(Stored data entries)
################

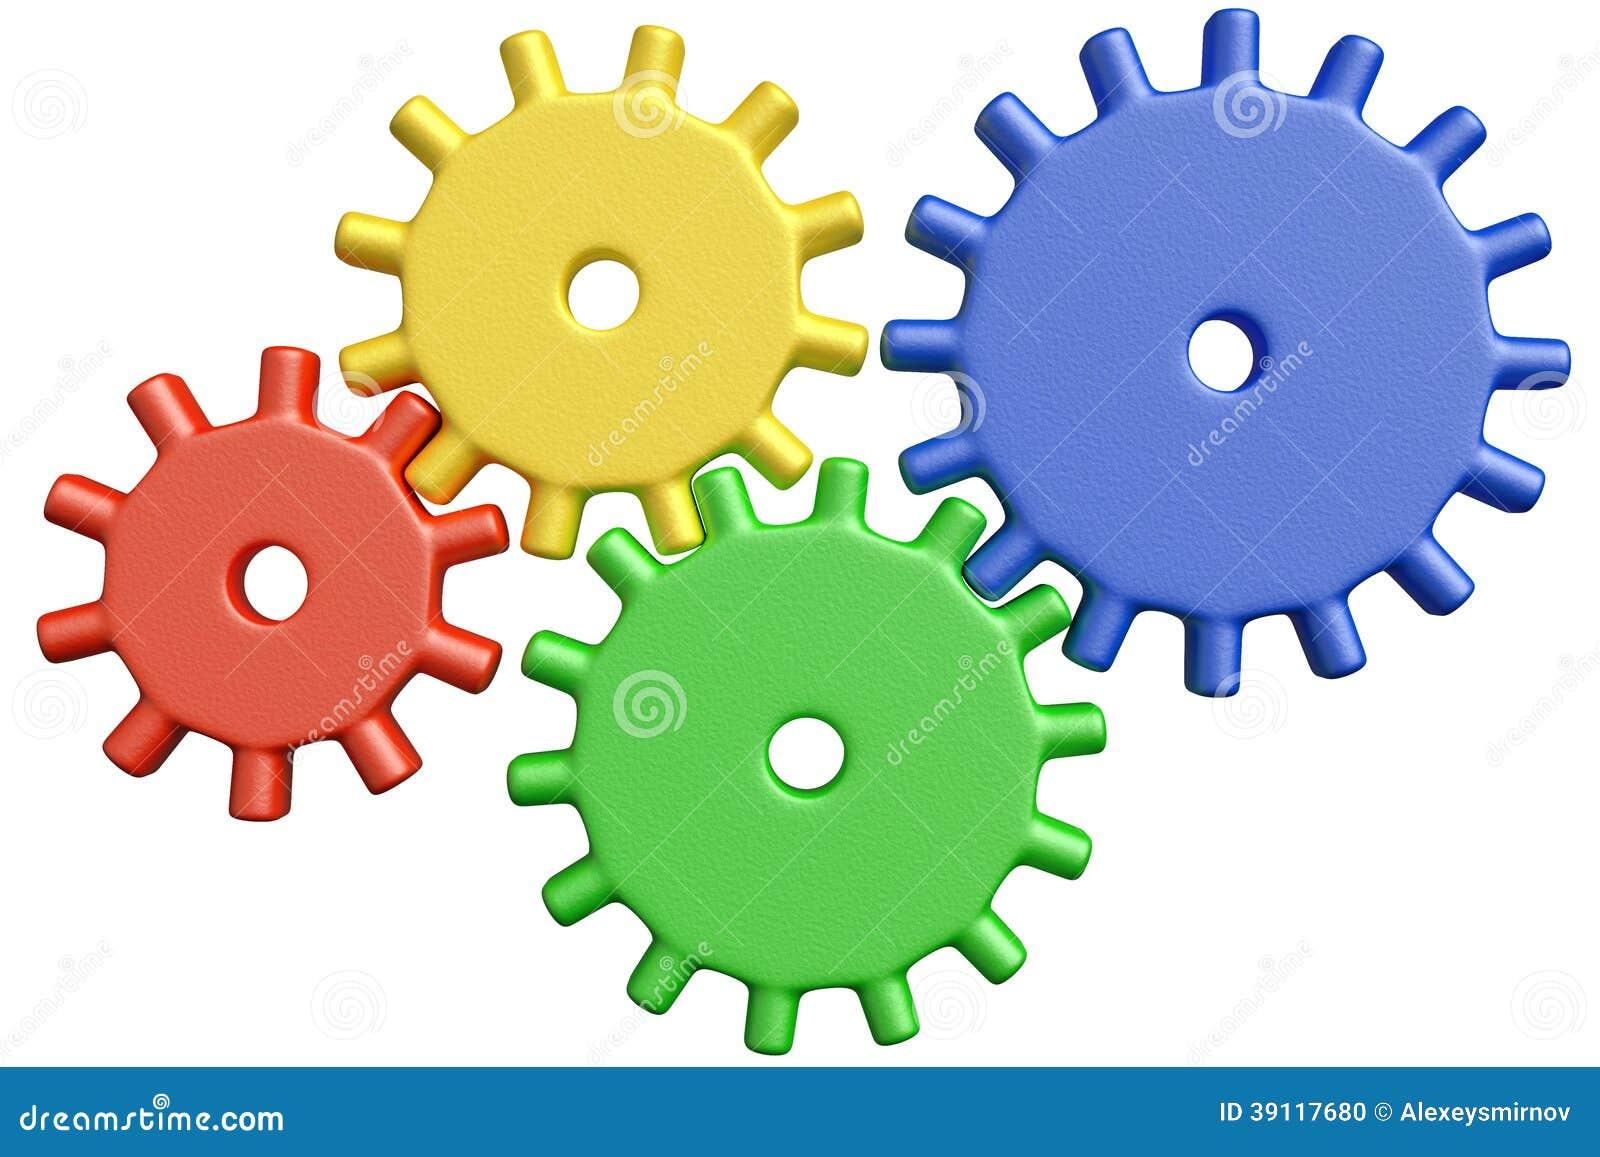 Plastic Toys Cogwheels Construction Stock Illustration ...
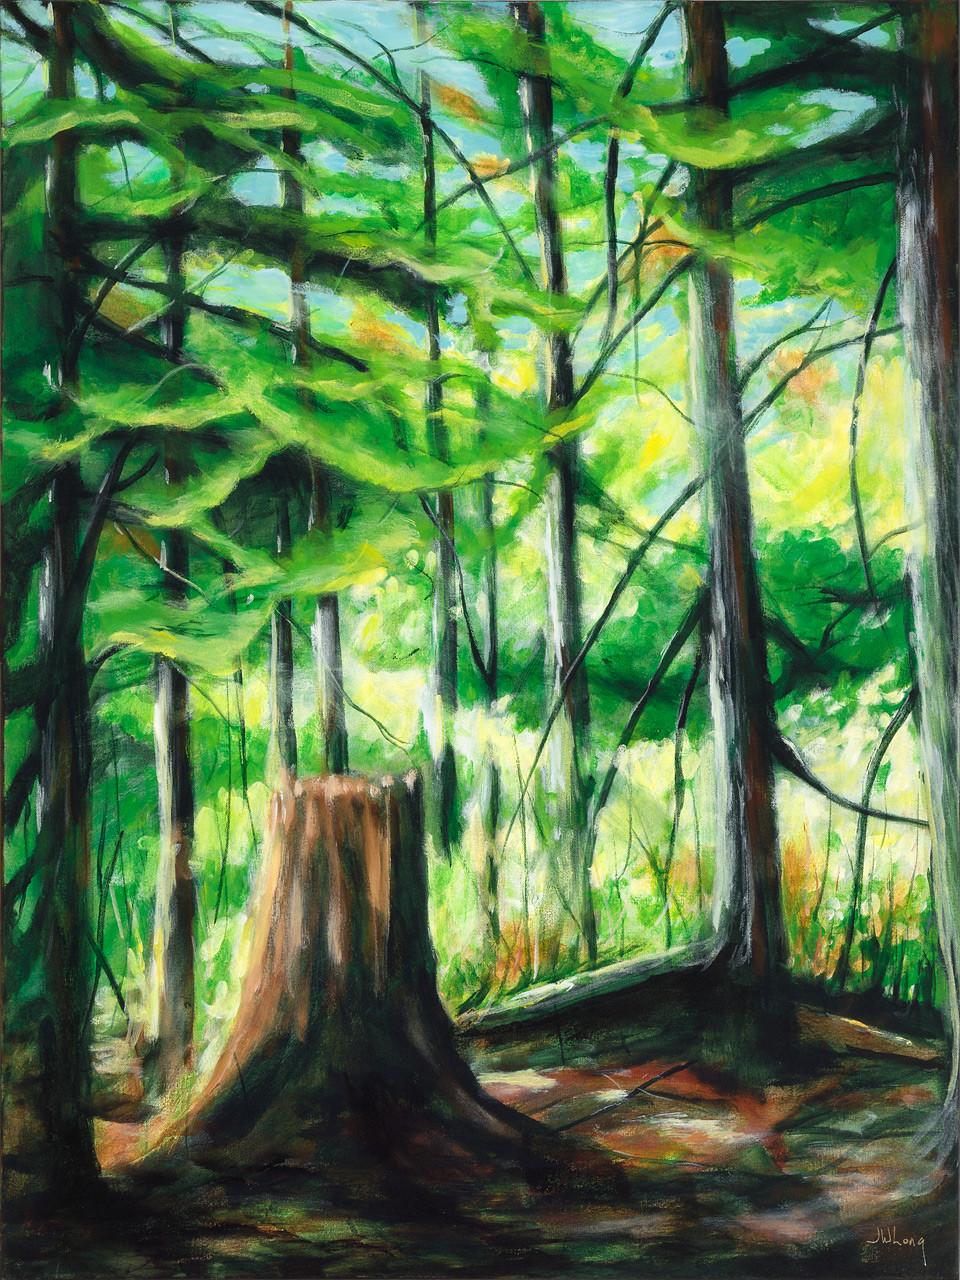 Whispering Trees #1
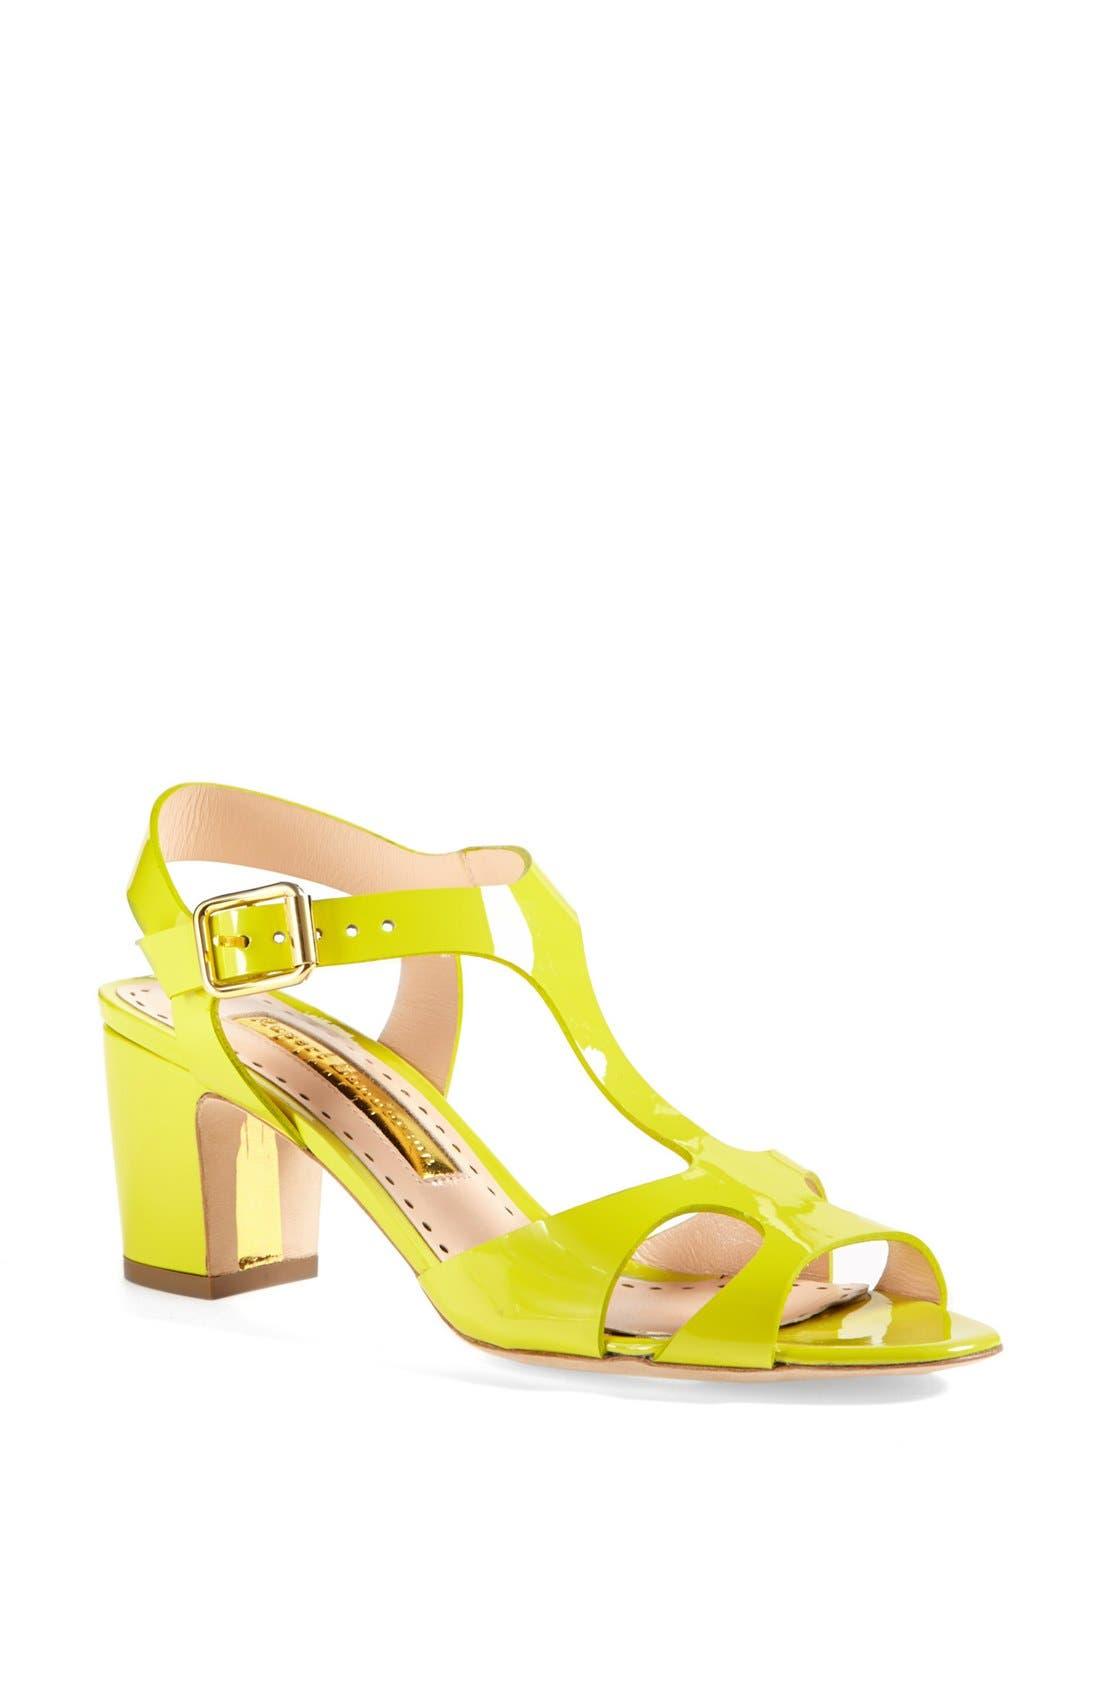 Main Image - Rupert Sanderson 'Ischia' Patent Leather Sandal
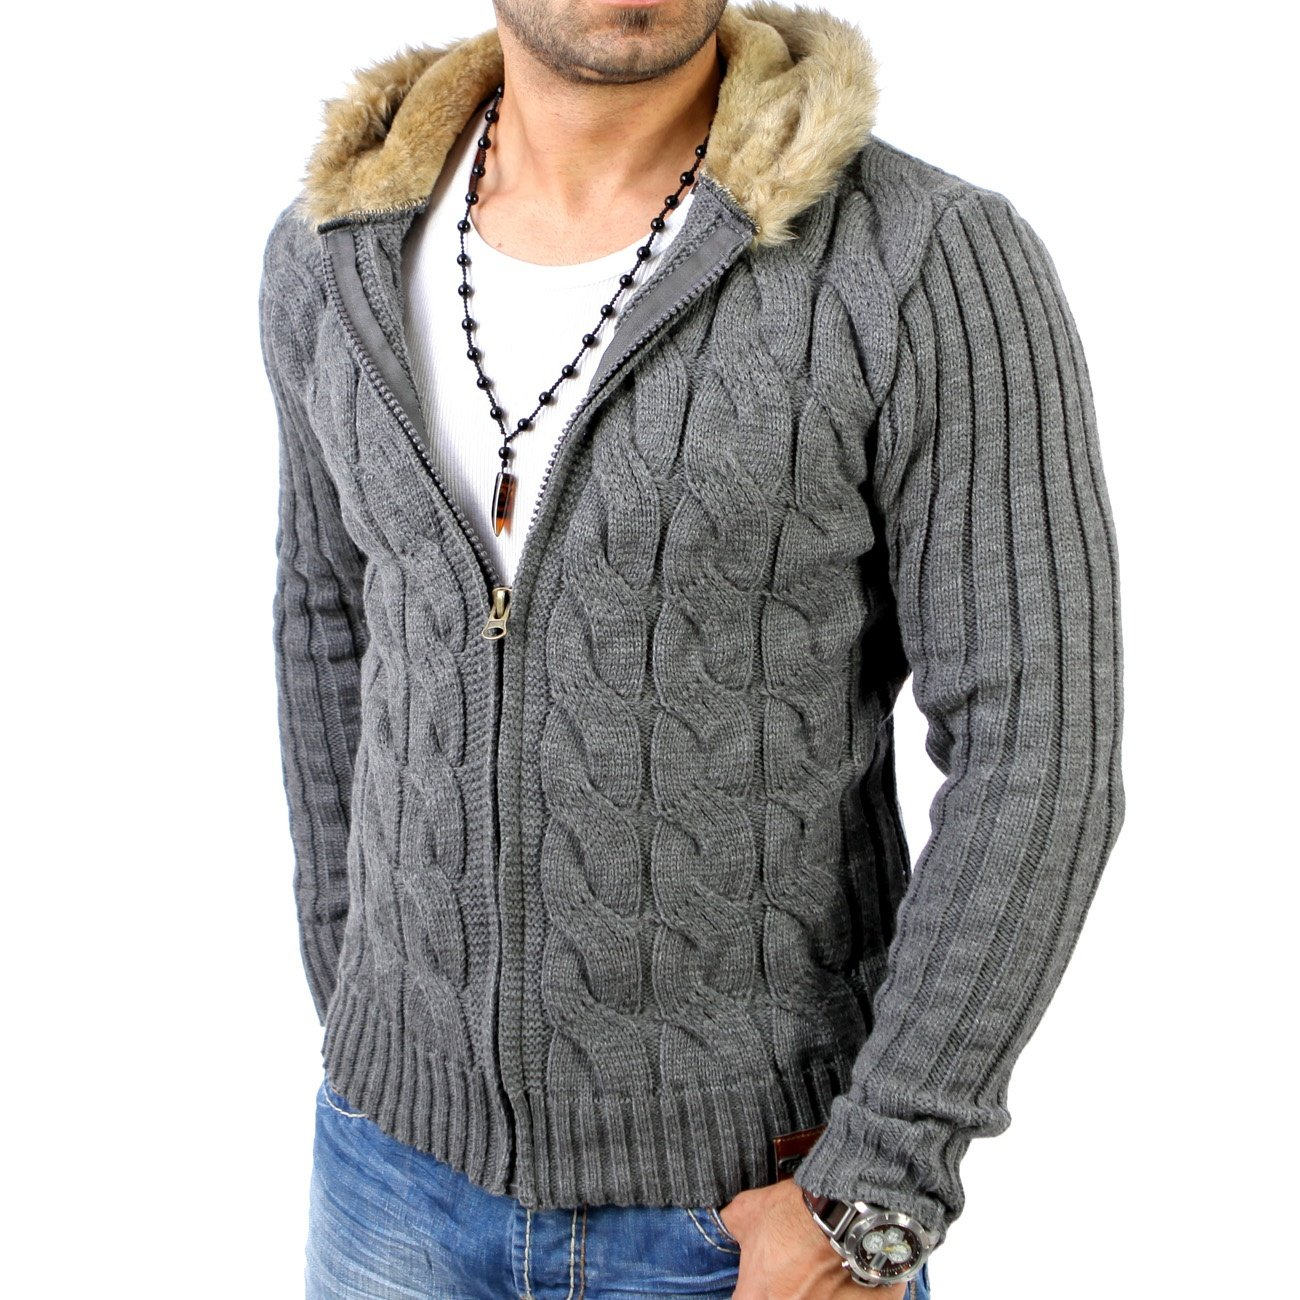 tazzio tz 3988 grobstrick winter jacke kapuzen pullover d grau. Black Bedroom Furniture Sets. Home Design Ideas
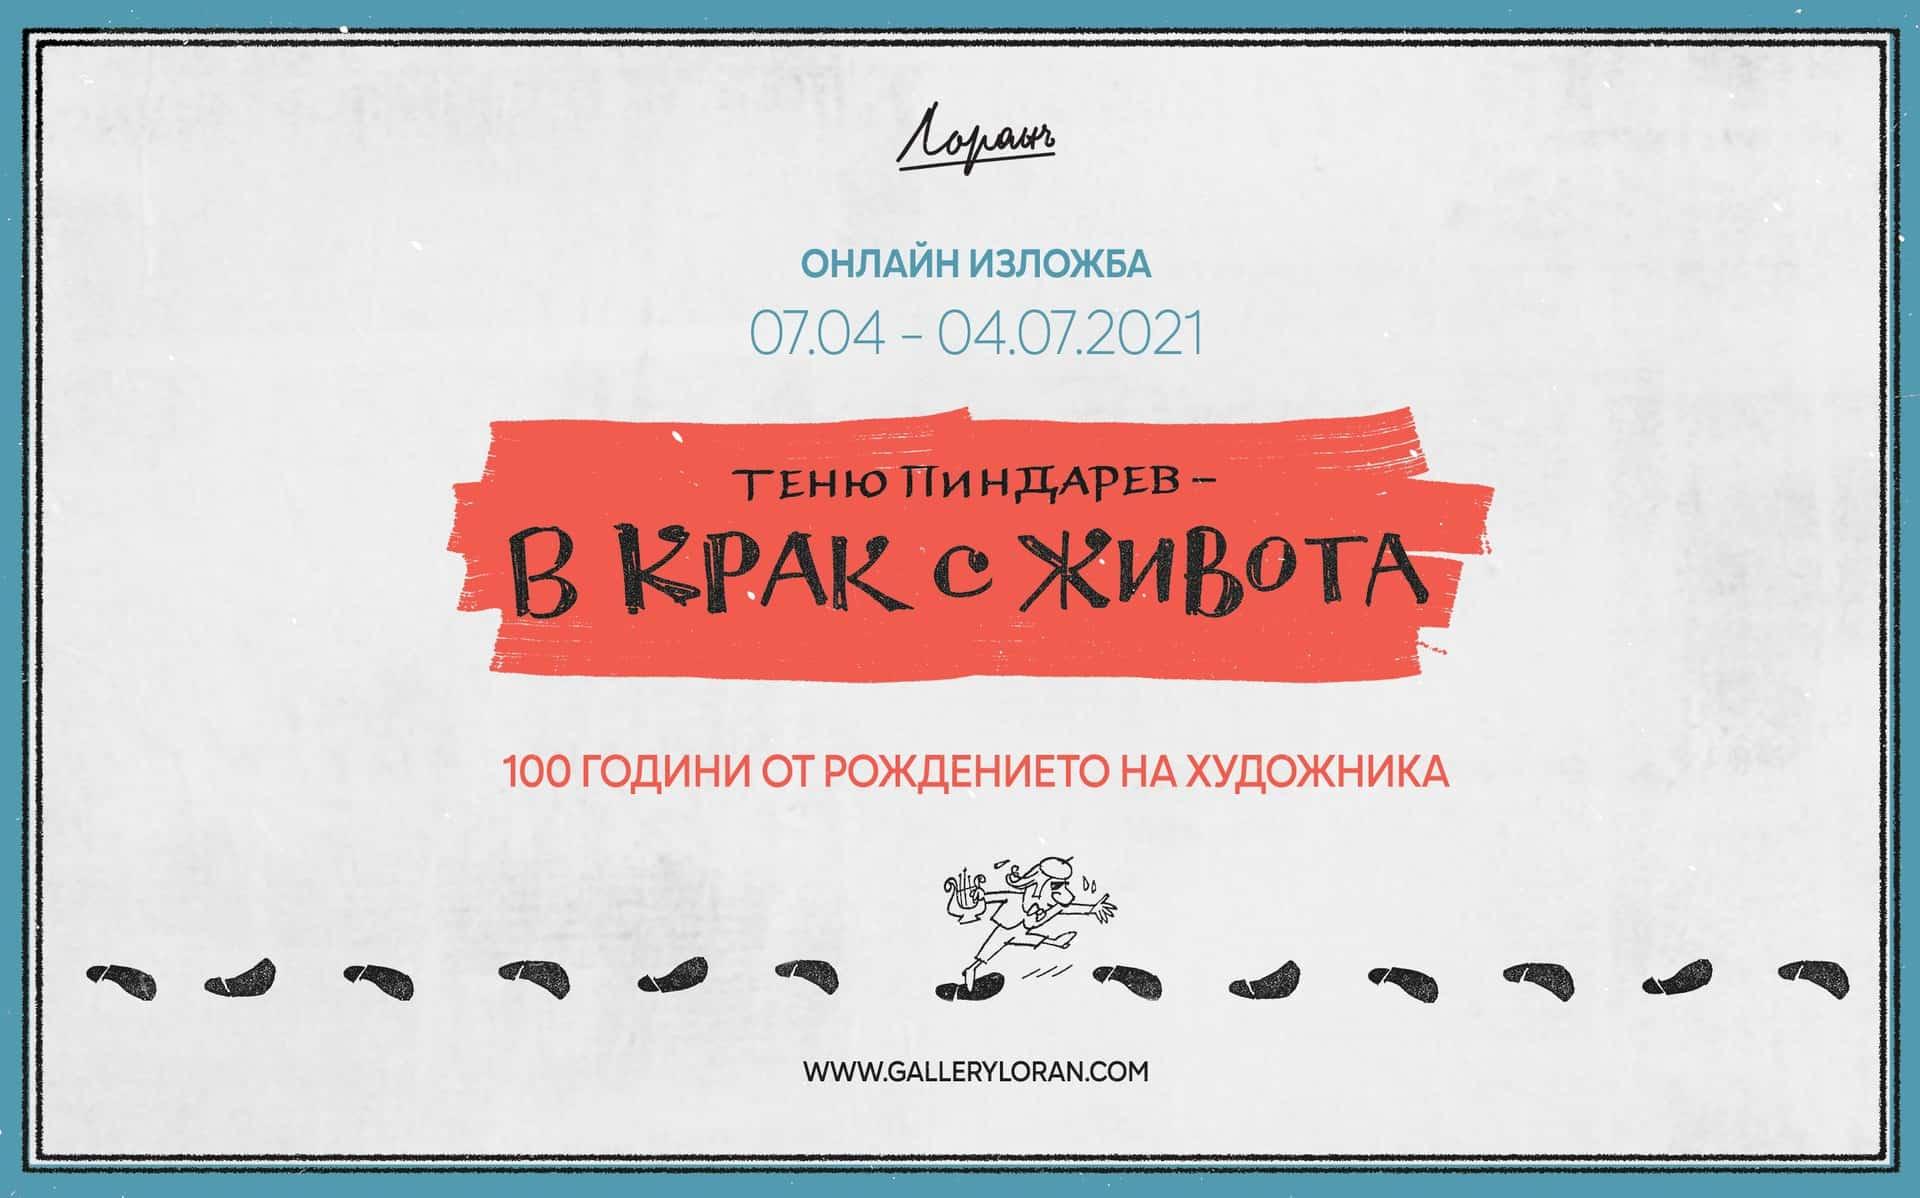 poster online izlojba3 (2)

################

Directions. Repeat only the lines from the one with "Whispering Trees #1" through the end of the data, both included and exactly as written. Pictures stay out of the copy.

Solution to the problem.
 Whispering Trees #1
 Main Image - Rupert Sanderson 'Ischia' Patent Leather Sandal
 tazzio tz 3988 grobstrick winter jacke kapuzen pullover d grau. Black Bedroom Furniture Sets. Home Design Ideas
 poster online izlojba3 (2)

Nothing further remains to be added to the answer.